Mon cher ami, pardonnerez-vous à un homme qui a été accablé de maladies et d’une tragédie ? Figurez-vous qu’on m’avait ordonné une grande pièce de théâtre pour les relevailles de madame la dauphine ; que j’en étais au quatrième acte, quand madame la dauphine mourut[1], et que, moi chétif, j’ai été sur le point de mourir pour avoir voulu lui plaire. Voilà comme la destinée se joue des têtes couronnées, des premiers gentilshommes de la chambre, et de ceux qui font des vers pour la cour !

Le poëme[2] de Mme  du Boccage, que vous m’avez envoyé, a eu une meilleure fortune. Je lui en ai fait, quoique très-tard, les remerciements les plus sincères. C’est une belle époque pour les lettres et pour votre Académie. J’ai trouvé son poëme écrit facilement et avec naturel ce n’est pas là un petit mérite, puisque c’est avoir surmonté la plus grande des difficultés.
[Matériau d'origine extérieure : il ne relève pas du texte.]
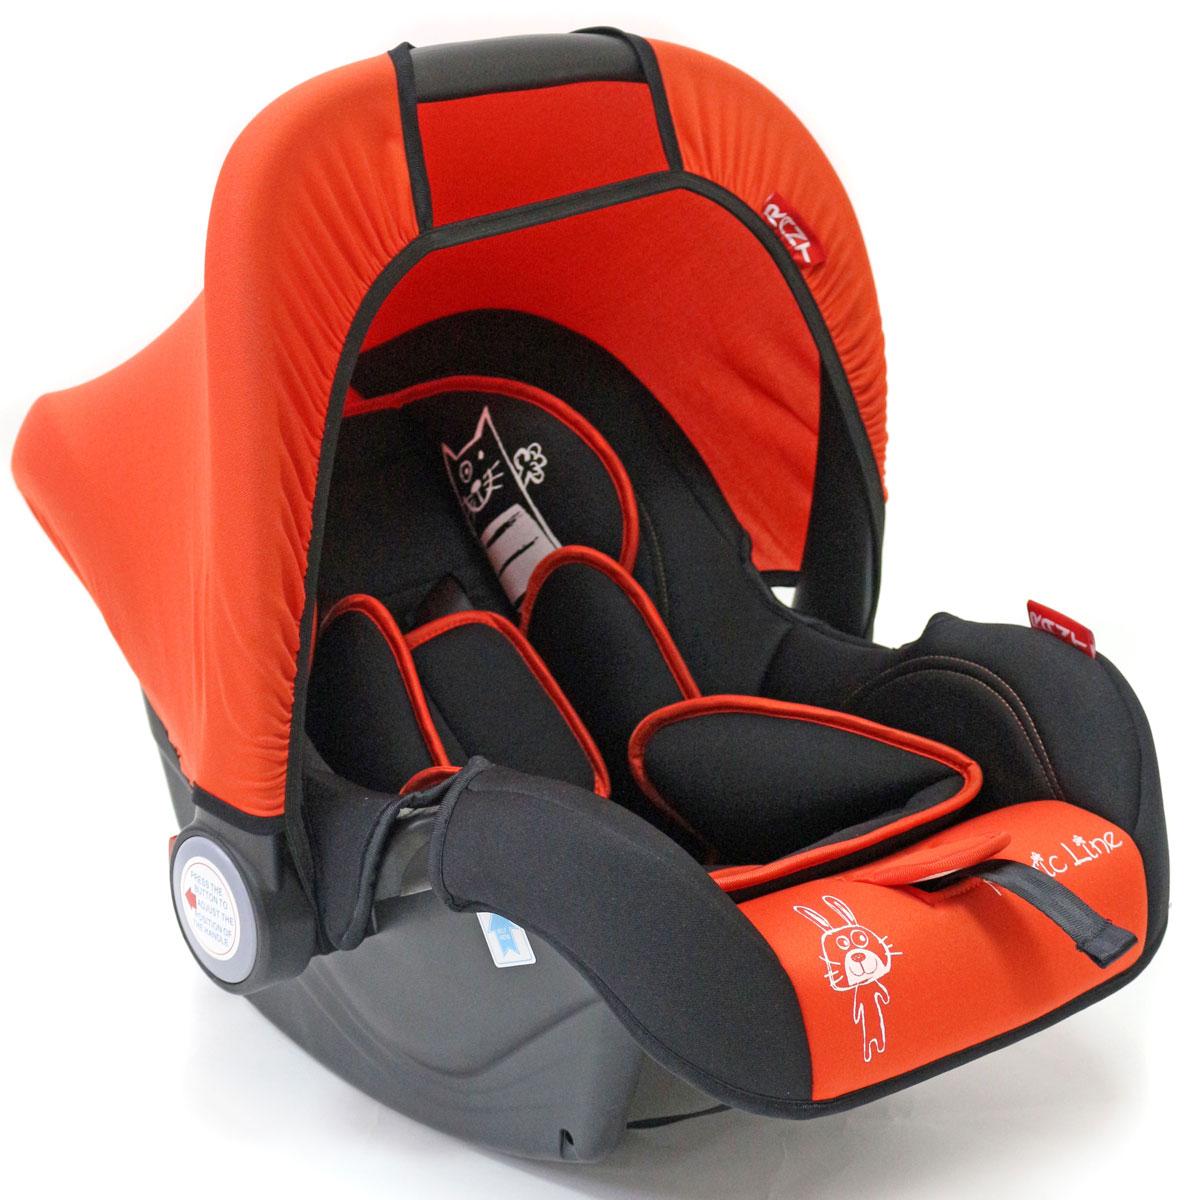 Rant Автокресло Miracle цвет красный до 13 кг4630008876657Детское автокресло-переноска Rant Miracle разработано для малышей весом до 13 кг (приблизительно до 12 месяцев). Особенности: Сиденье удобной формы с мягким вкладышем обеспечивает защиту и идеальное положение шеи и спины малыша, а также делает кресло комфортным и безопасным. Автокресло (переноска) Miracle имеет внутренние 3-х точечные ремни безопасности с плечевыми накладками (уменьшают нагрузку на плечи малыша). Накладки обеспечивают плотное прилегание и надежно удержат малыша в кресле в случае ударов. Ремни удобно регулировать под рост и комплекцию ребенка без особых усилий. Удобная ручка для переноски малыша регулируется в 4-х положениях: для устойчивости автокресла в автомобиле, для переноски малыша, вне автомобиля автокресло можно использовать как кресло-качалку или кресло-шезлонг. Съемный тент защитит от яркого солнца или ветра, когда вы гуляете с малышом на свежем воздухе. Съемный чехол автокресла Miracle изготовлен из гипоаллергенной эластичной ткани, легко чистится и стирается вручную или в деликатном режиме в стиральной машине при температуре 30°. Установка и крепление: Автокресло (переноска) Miracle устанавливается лицом против движения автомобиля и крепится штатными автомобильными ремнями. Ребенок фиксируется внутренними ремнями безопасности. Такое положение обеспечивает максимальную безопасность маленькому пассажиру. Рекомендуется устанавливать автокресло на заднем сиденье автомобиля. Производитель допускает перевозку на переднем сиденье, в этом случае необходимо отключить фронтальные подушки безопасности. Автокресло (переноска) Miracle сертифицировано и соответствует европейскому стандарту безопасности ECE R44-04.

Nous avons ici un jeune homme[3] du pays de Pourceaugnac, qui a remporté notre prix ; cela n’a pas l’air si galant que votre Académie ; mais en vérité, sa pièce est une des meilleures qui se soient faites depuis trente ans. La littérature languit d’ailleurs. La terre se repose. Il ne faut pas faire des moissons tous les jours ; la trop grande abondance dégoûterait. Il n’y a que la douceur de l’amitié et de la société qui ne lasse point. Et cependant, mon ancien ami, ai-je vécu avec vous ? ai-je eu cette consolation ? Je n’ai fait que souffrir pendant tout le temps que vous avez été à Paris, et j’ai passé une vie douloureuse à espérer inutilement de jouir des agréments et du commerce charmant de mon cher Cideville. Il y a deux mois que je ne vois personne, et que je n’ai pu répondre à une lettre. Mon âme était à Babylone, mon corps dans mon lit ; et de là je dictais à mon valet de chambre[4] de grands diables de vers tragiques qu’il estropiait.

  1. Le 22 juillet 1746.
  2. Le sujet et le titre de ce poëme, couronné par l’Académie de Rouen le 19 juillet 1745, et imprimé en 1746, étaient le Prix alternatif entre les Belles-Lettres et les Sciences, fondé par le duc de Luxembourg, gouverneur de Normandie. C’était le premier prix que distribuait l’Académie de Rouen, et il rappelait celui que l’Académie française, en 1671, décerna à Mlle  de Scudéri, Normande comme Mme  du Boccage.
  3. Marmontel ; voyez page 407. Le sujet du prix qu’il venait de remporter était la Gloire de Louis le Grand perpétuée dans le roi son successeur.
  4. Ce doit être Longchamp, dont il est parlé dans la lettre 1846.